Human GADPH and some genes of the MAGE family were screened using RT-qPCR according to the results of the gene chip analysis. The primer sequences used in RT-qPCR (Table II) were designed using Beacon Designer 7.92 (Premier Biosoft International, Palto Alto, CA, USA). Optimally ranked primers were selected, and were synthesized by AuGCT Co., Ltd GADPH served as the internal control. Upon completion of the amplification, the obtained Cq values were used in the following formulae for analysis: ΔCq=Cq (target gene)-Cq (internal control); ΔΔCq=ΔCq (experimental group)-ΔCq (control group); relative expression of the target gene to the control=2−ΔΔCq (21). GAPDH was regarded as having an expression level of 1 and target gene expression was calculated relative to that of GAPDH.

Table II.

Primer sequences for reverse transcription-quantitative polymerase chain reaction.

Table II.

Primer sequences for reverse transcription-quantitative polymerase chain reaction.

PrimerDirectionSequence
GAPDHF 5′-ACCACAGTCCATGCCATCAC-3′
R 5′-TCCACCACCCTGTTGCTGTA-3′
MAGEA6F 5′-CGGTCACAAAGGCAGAAAT-3′
R 5′-AGGCAGGTGGCAAAGATG-3′
MAGEA1F 5′-CGGCCGAAGGAACCTGACCCAG-3′
R 5′-GCTGGAACCCTCACTGGGTTGCC-3′
MAGEA3F 5′-TGGAGGACCAGAGGCCCCC-3′
R 5′-GGACGATTATCAGGAGGCCTGC-3′
MAGEB2F 5′-CTGACTTCCGCTTTGGAGGC-3′
R 5′-GCACCCCCAGAAACAGAAGAGGAACA-3′

[i] MAGE, melanoma antigen gene.

Detection of MAGEA expression using immunohistochemistry (IHC)

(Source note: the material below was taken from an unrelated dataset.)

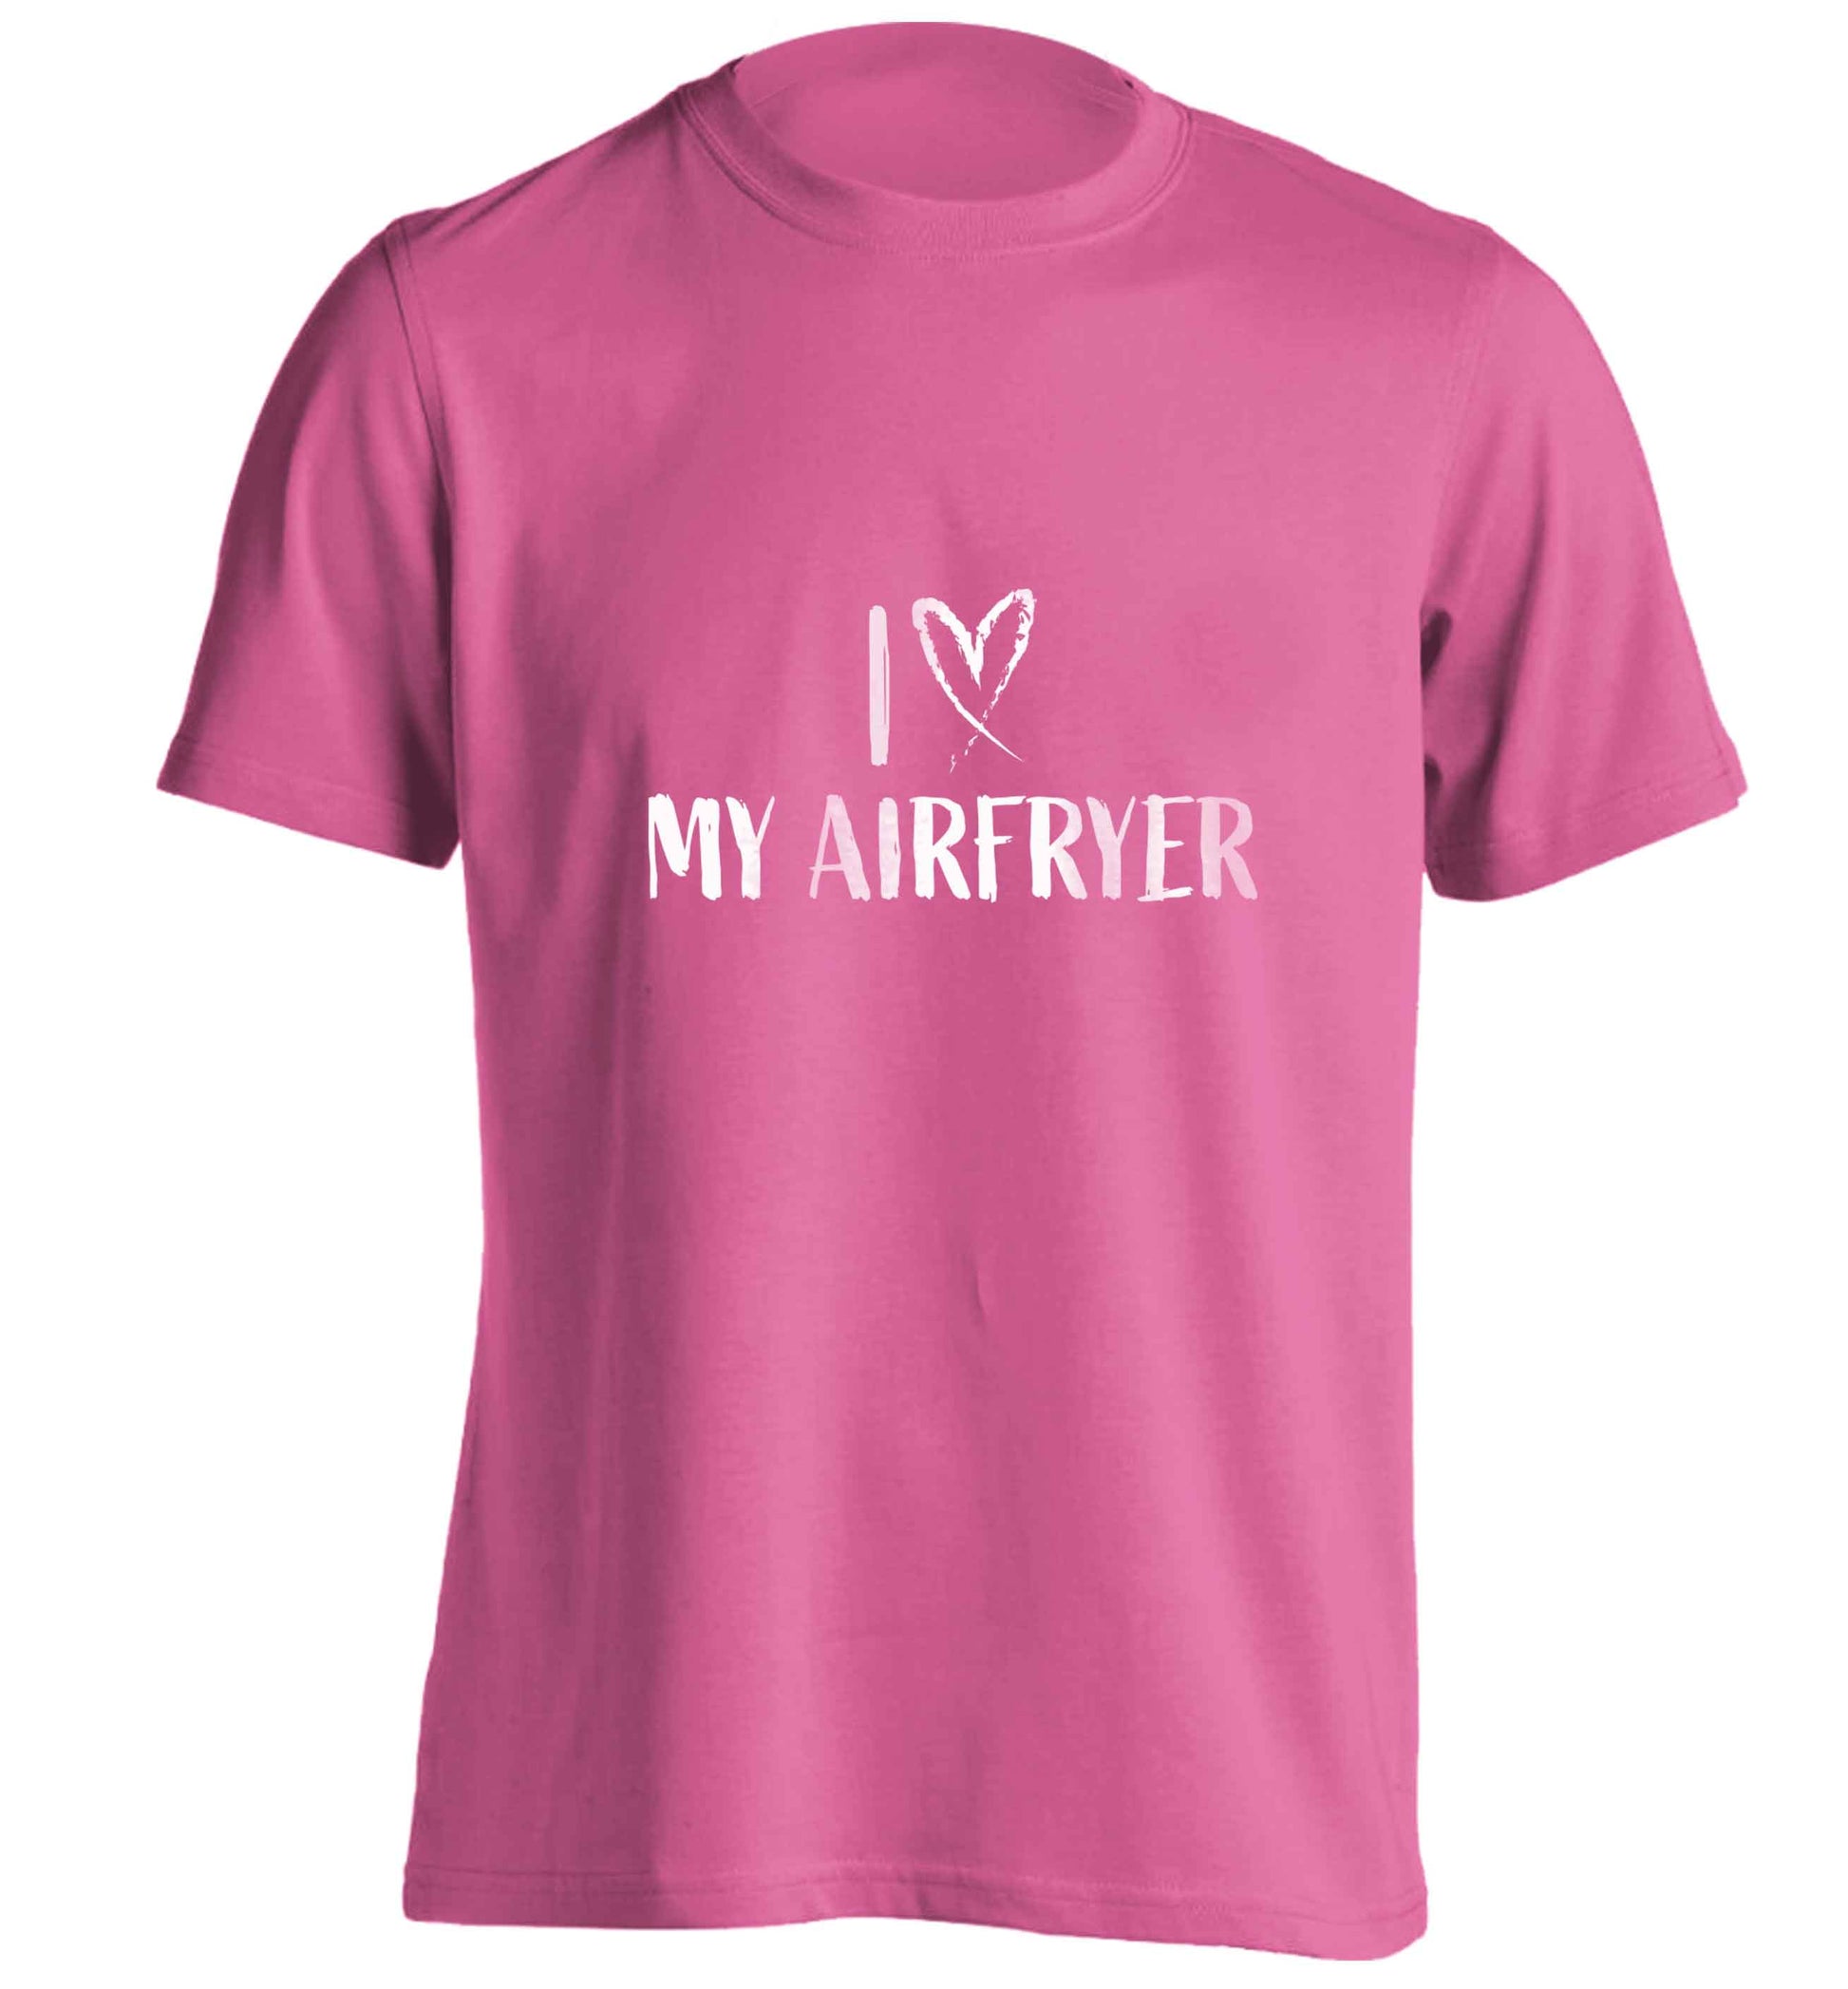 I love my airfryeradults unisex pink Tshirt 2XL

Fresh surgically resected tissue slices from 107 patients (average age, 56 years; age range, 41–77 years; 58 male and 49 female, only tissues from 98 patients were successfully produced into slice samples for IHC detection) were used. The samples included 51 slices of ESCC tissue, 47 slices of EAC tissue and 98 paracancerous tissue slices as the control group, every paracancerous tissues samples was took around the EC tissues we used. The samples were obtained from January 2015 to December 2016 after each specimen donor provided signed consent. All specimen donors were pathologically diagnosed with EC and treated at the Pathology Department of Tangshan People's hospital in Tangshan, Hebei Province. The ESCC and EAC tissue slices (2 µm thick), together with the paracancerous tissue, slices were fixed with 4% paraformaldehyde for 24 h at 25°C, then sealed with paraffin wax for further use. Sealed slices were subsequently incubated at 56°C overnight prior to paraffin wax washing with 100% xylene twice for 15 min. Subsequent rinsing with 100, 95 and 70% ethanol for 5 min respectively was conducted to clean the slices. The cleaned slices were boiled in a pressure cooker with 0.01 M citrate buffer solution 5 times (2 min each) to activate and retrieve the antigens on the surface, and then cooled to 25°C. Afterwards, the slices were immersed in 3% hydrogen peroxide at 25°C for 20 min to block endogenous peroxidase activity. Rabbit anti-human MAGEA6 polyclonal antibodies (primary antibodies; 1:50; cat. no. 14602-1-AP) from ProteinTech Group, Inc., Chicago, IL, USA were then added and the slices were maintained at 4°C overnight. Then, the slices were washed with phosphate-buffered saline (PBS) 4 times (4 min each) and primary antibody enhancer [Boster Biological Technology; Ready-to-use SABC-POD (mouse/rabbit IgG) kit; cat. no. SA1020] was added. The slices were incubated with secondary antibodies and stained for 0.5–1 min with the Dako REAL™ EnVision™ Detection System, Peroxidase/DAB+, Rabbit/Mouse (DAB; cat. no. K500711). Then samples were treated with hematoxylin for 30 sec at 25°C. Following thorough dehydration and soaking in xylene, the stained slices were sealed and observed under a microscope.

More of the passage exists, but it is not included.